Happy bloody Christmas. We should probably take this as a reminder to go and change our passwords on everything, and make sure no two sites or services have the same login, I guess. At the very least, we need new passwords for Nexus Mods, the site which has long hosted a gazillion mods for 216 games, particularly Bethesda RPGs – including Fallout 4, which has not yet followed Skyrim to the Steam Workshop. There’s been a possible hack, with some Fallout 4 mod-makers reporting suspicious changes having been made to their uploaded files. Nexus’ owners have established that the breach only affects user registrations up until mid-2013, although that still comprises almost six million accounts and very much covers the Skyrim heyday.

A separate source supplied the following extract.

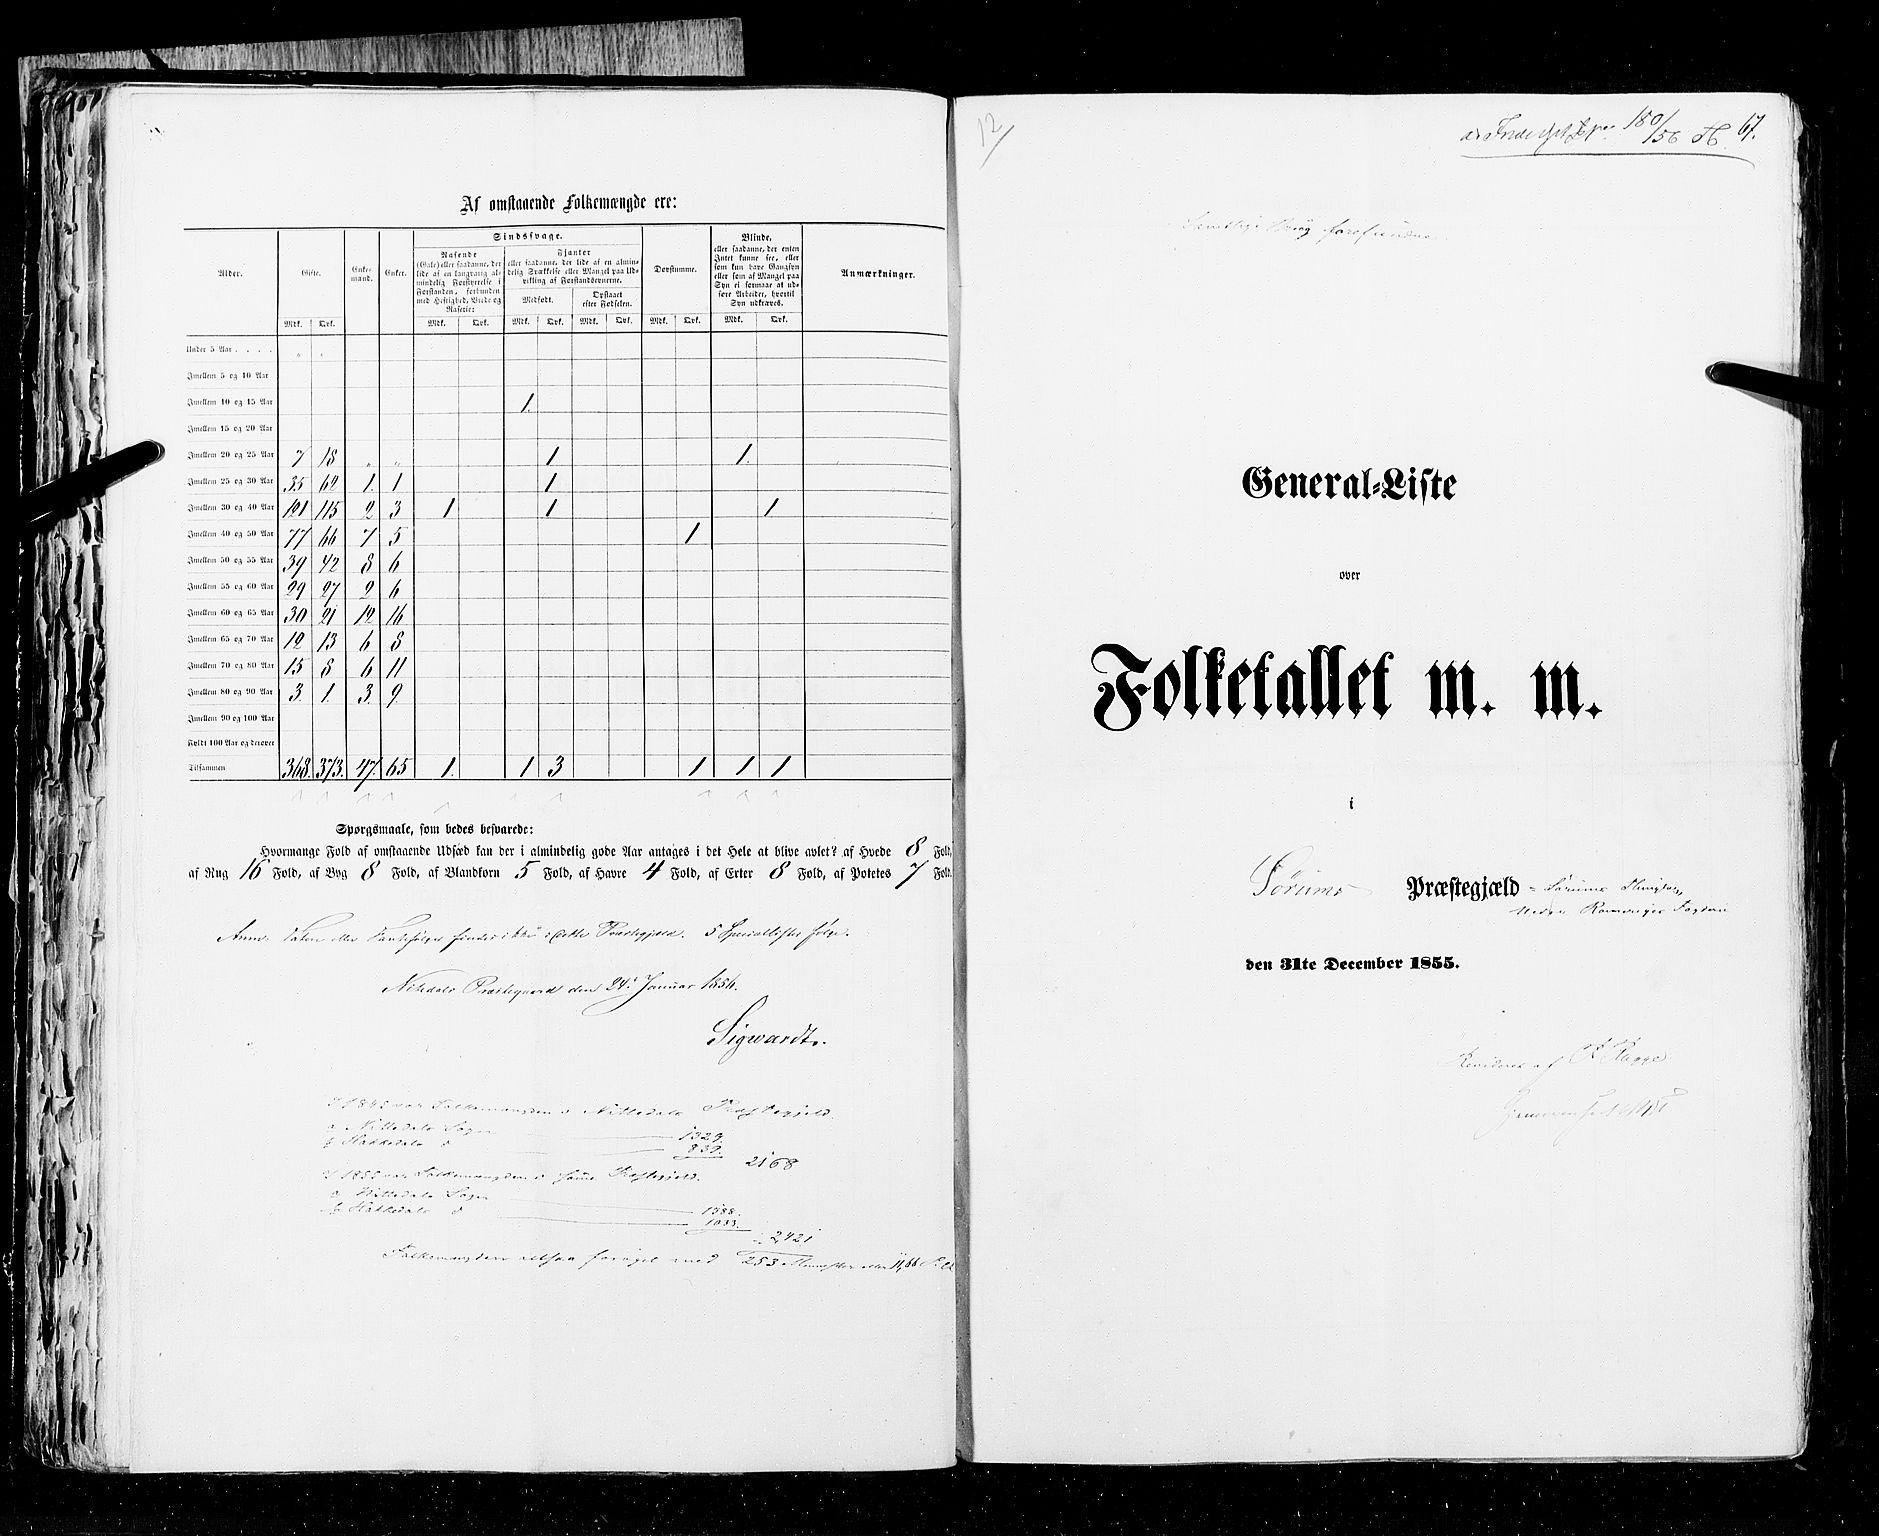 RA, Census 1855, vol. 1: Akershus amt, Smålenenes amt og Hedemarken amt, 1855, p. 67
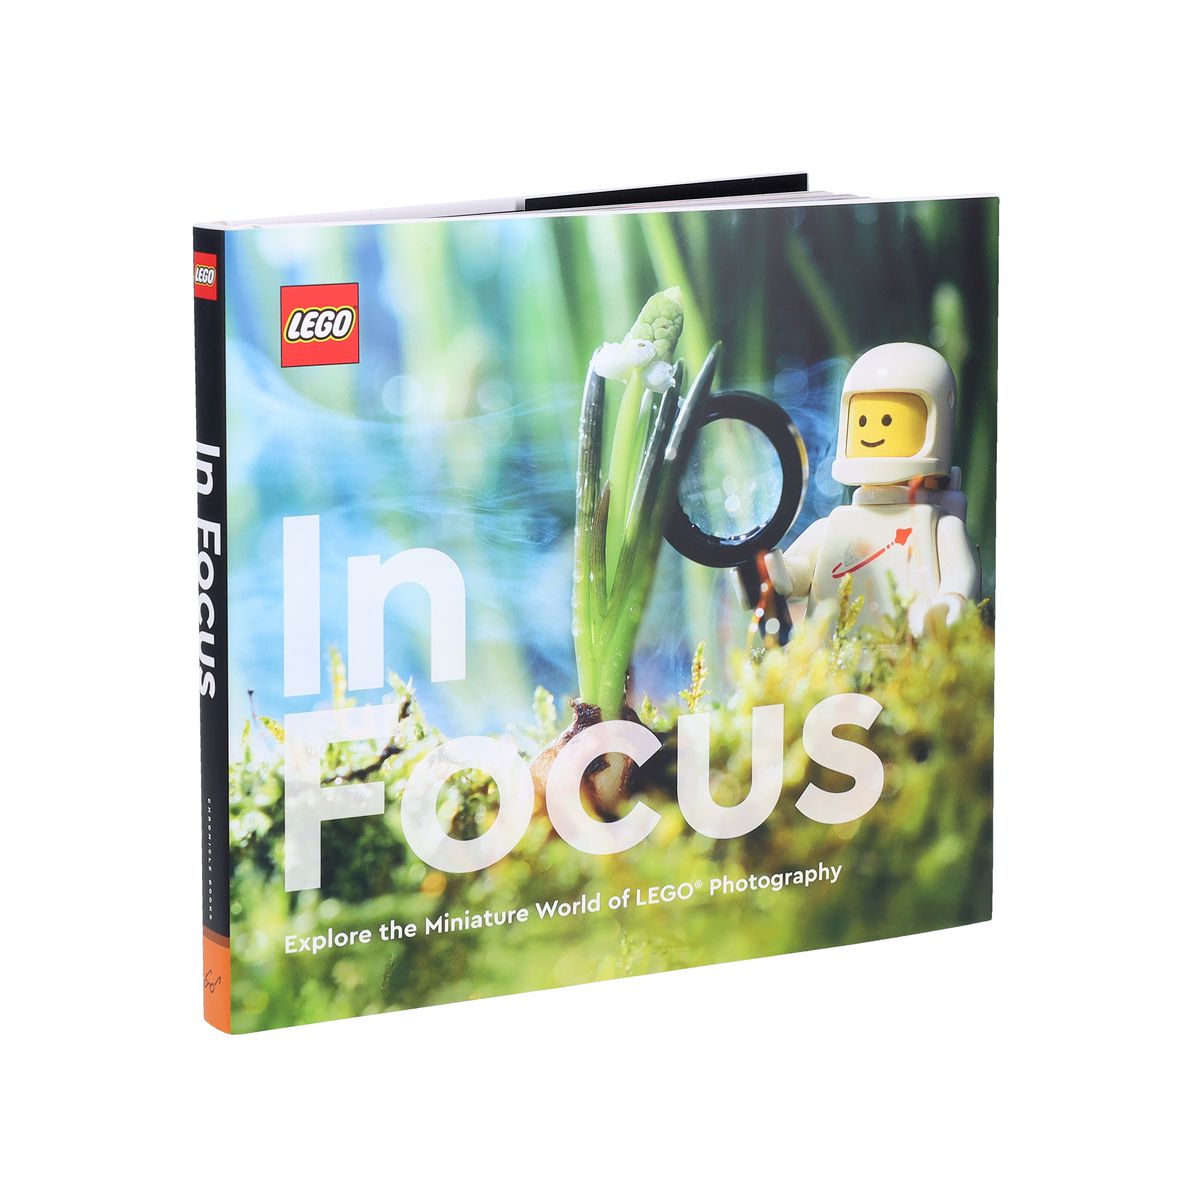 La copertina di Lego in Focus, con un elmetto spaziale che indossa un uomo in bianco con in mano una lente d'ingrandimento che guarda una piccola pianta

Bear in mind you may well have used Nexus at some point even if you don’t play Bethesda games – it also hosts mods for the likes of The Witcher 3, Mount and Blade, World of Tanks, Starbound, XCOM, Far Cry 3 and hundreds of others. It’s not at all impossible than you’re one of its ten million registered users even if you don’t entirely remember being so.

The authors of the Higher Settlement Budget, Rename Dogmeat, and BetterBuild mods say someone other than them made changes to the versions of their mods hosted on Nexus, while site representative DarkOne brought the news of a “potential database breach.”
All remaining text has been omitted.